The U.S.-Iran ceasefire remains broadly intact, even as progress has been uneven. With diplomatic channels still active behind the scenes, a negotiated resolution that reopens the Strait of Hormuz remains a reasonable base case scenario, but markets appear to have already priced in much of this outcome.

Equity markets have pushed to new highs, supported by an economy that has demonstrated resilience despite elevated commodity prices. This strength reflects several reinforcing factors: strong corporate earnings, ongoing AI-driven business investment, consumers absorbing higher energy costs better than anticipated, and an economy that is structurally less oil-intensive than in prior decades.

Nevertheless, the current environment is best characterized as “tenuously stable”, with timing the key variable. The longer the Strait remains closed, the more strain builds beneath the surface. Temporary buffers—inventory drawdowns, strategic reserve releases, and logistical workarounds—have helped cushion the immediate oil supply disruption. As these buffers diminish, the supply-demand imbalances could become more acute, increasing the risk that elevated energy prices begin to weigh more meaningfully on economic activity.

AI Spending Meets Earnings Test

The latest round of Big Tech earnings was closely watched, given the group’s outsized influence on market performance and elevated profit growth expectations. Overall, results were constructive, with most companies continuing to deliver solid revenue expansion, healthy margins, and strong cash flows. Investor reactions, however, remained selective, with markets rewarding companies showing that heavy AI-related spending is translating into tangible earnings rather than simply higher capital intensity.

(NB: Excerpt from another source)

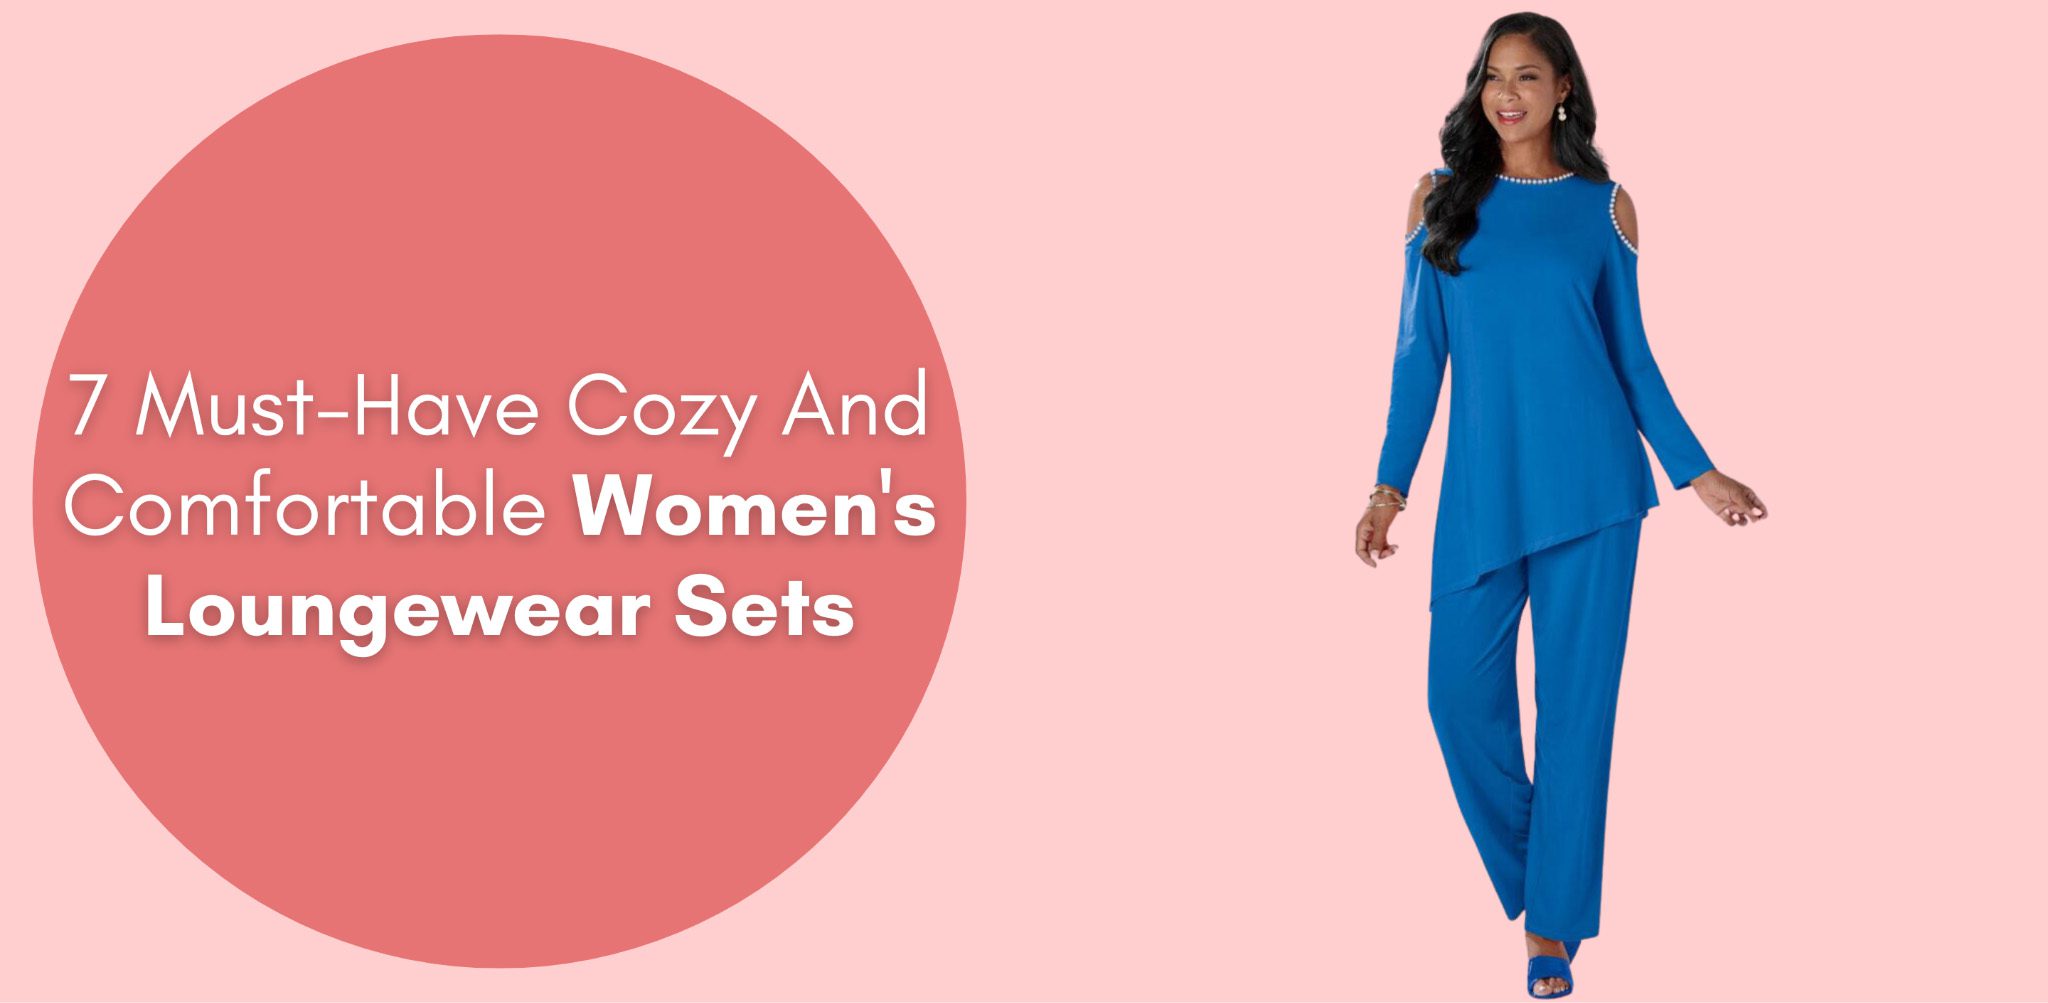 7 Must-Have Cozy And Comfortable Women’s Loungewear Sets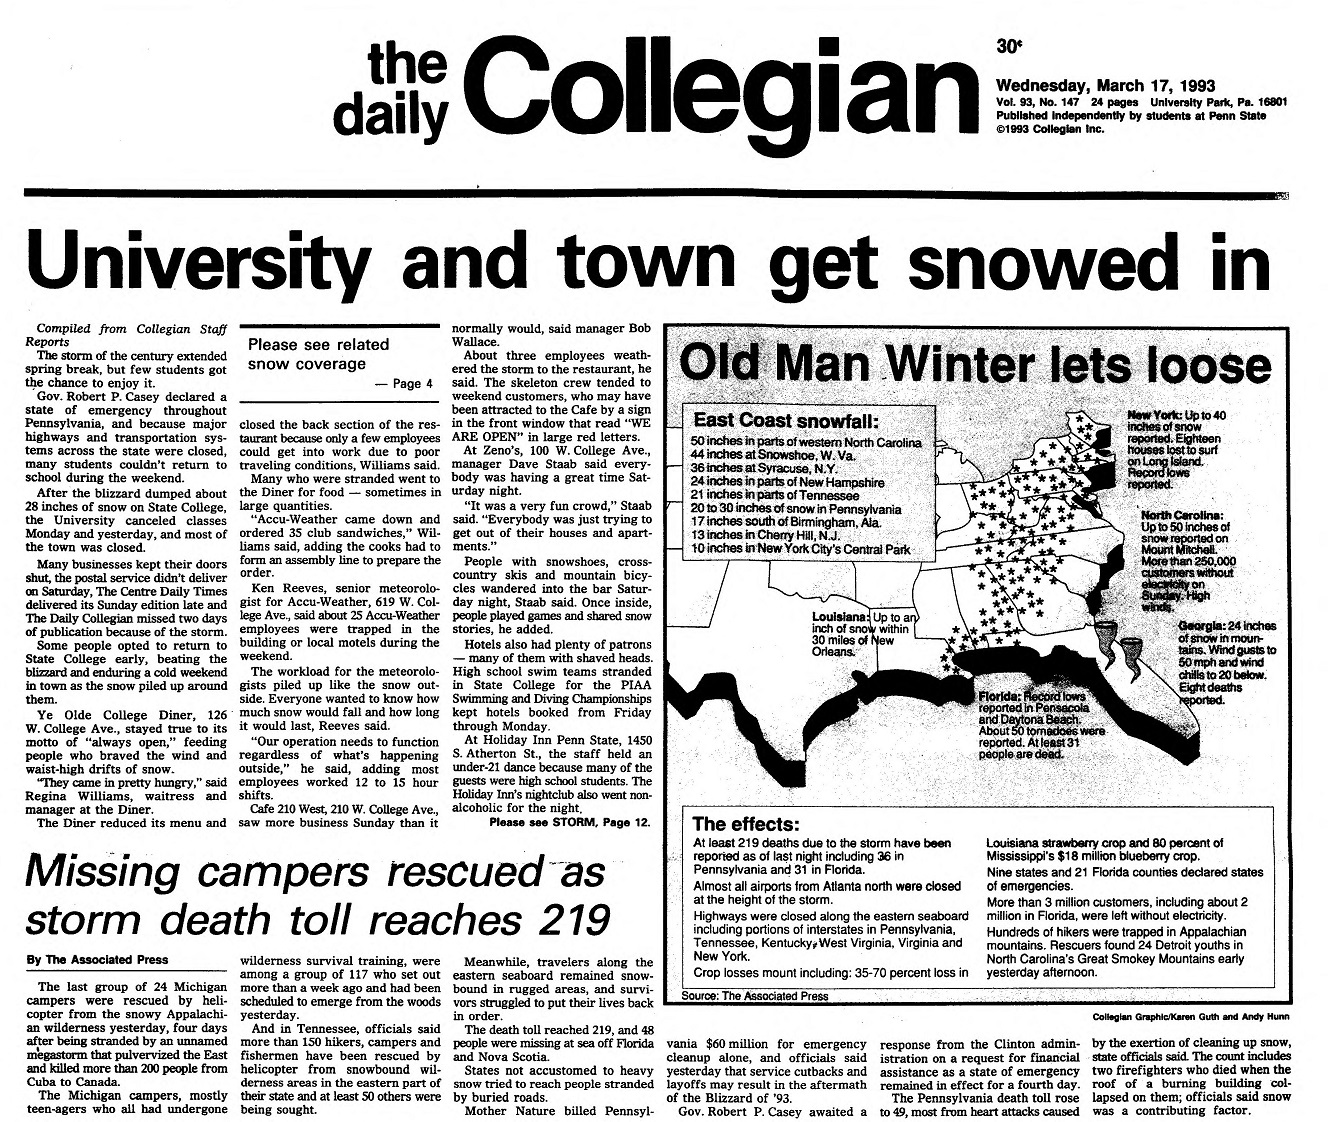 Daily Collegian Front Page March 17, 1993

Upward earnings revisions have also helped improve the group’s valuation relative to expected growth, though we expect some degree of scrutiny to persist as AI-related spending, already sizeable, continues to scale higher. Reassuringly, earnings releases from semiconductor companies so far have reinforced confidence that AI infrastructure demand remains robust. We continue to view AI as a compelling long-term growth theme, while recognizing that concentrated market leadership and elevated expectations reinforce the importance of disciplined portfolio diversification.

Central Banks Hold Steady

Recent central bank decisions were largely in line with expectations, with both the Bank of Canada (BoC) and the Federal Reserve (Fed) holding policy rates steady. Long-term inflation expectations remain well anchored, giving policymakers flexibility to remain patient as they assess how the Middle East conflict may affect prices, consumer spending, and business sentiment. Since the onset of the U.S.-Iran war, markets have pared back expectations for lower interest rates, with investors now anticipating both the Fed and BoC to remain on hold through the next several meetings.

The latest Fed meeting also marked Jerome Powell’s final meeting at the helm. Powell indicated he plans to remain on the rate-setting committee as a governor for a period "to be determined," delaying the need for the Trump administration to nominate another board member. As Kevin Warsh’s nomination to succeed him as chair continues to advance through the Senate confirmation process, attention could shift toward the leadership transition at the central bank. While the Fed’s monetary policy framework tends to evolve gradually, shifts in communication styles and policy “reaction functions” to macro developments can occasionally introduce short-term market volatility as investors adjust to a new leadership regime. 

Takeaway

Geopolitical headlines will likely remain noisy with the U.S. and Iran conflict locked in a negotiating phase. Recent strength in equities has been fundamentally supported by sturdy profit growth, but we are mindful that markets have largely embraced the narrative of a timely resolution. This leaves the outlook more sensitive to delays, as the cumulative effects of high commodity prices could become more pronounced over time. Keeping a long-term perspective, combined with an awareness of evolving risks, remains a useful approach for navigating the near-term uncertainty.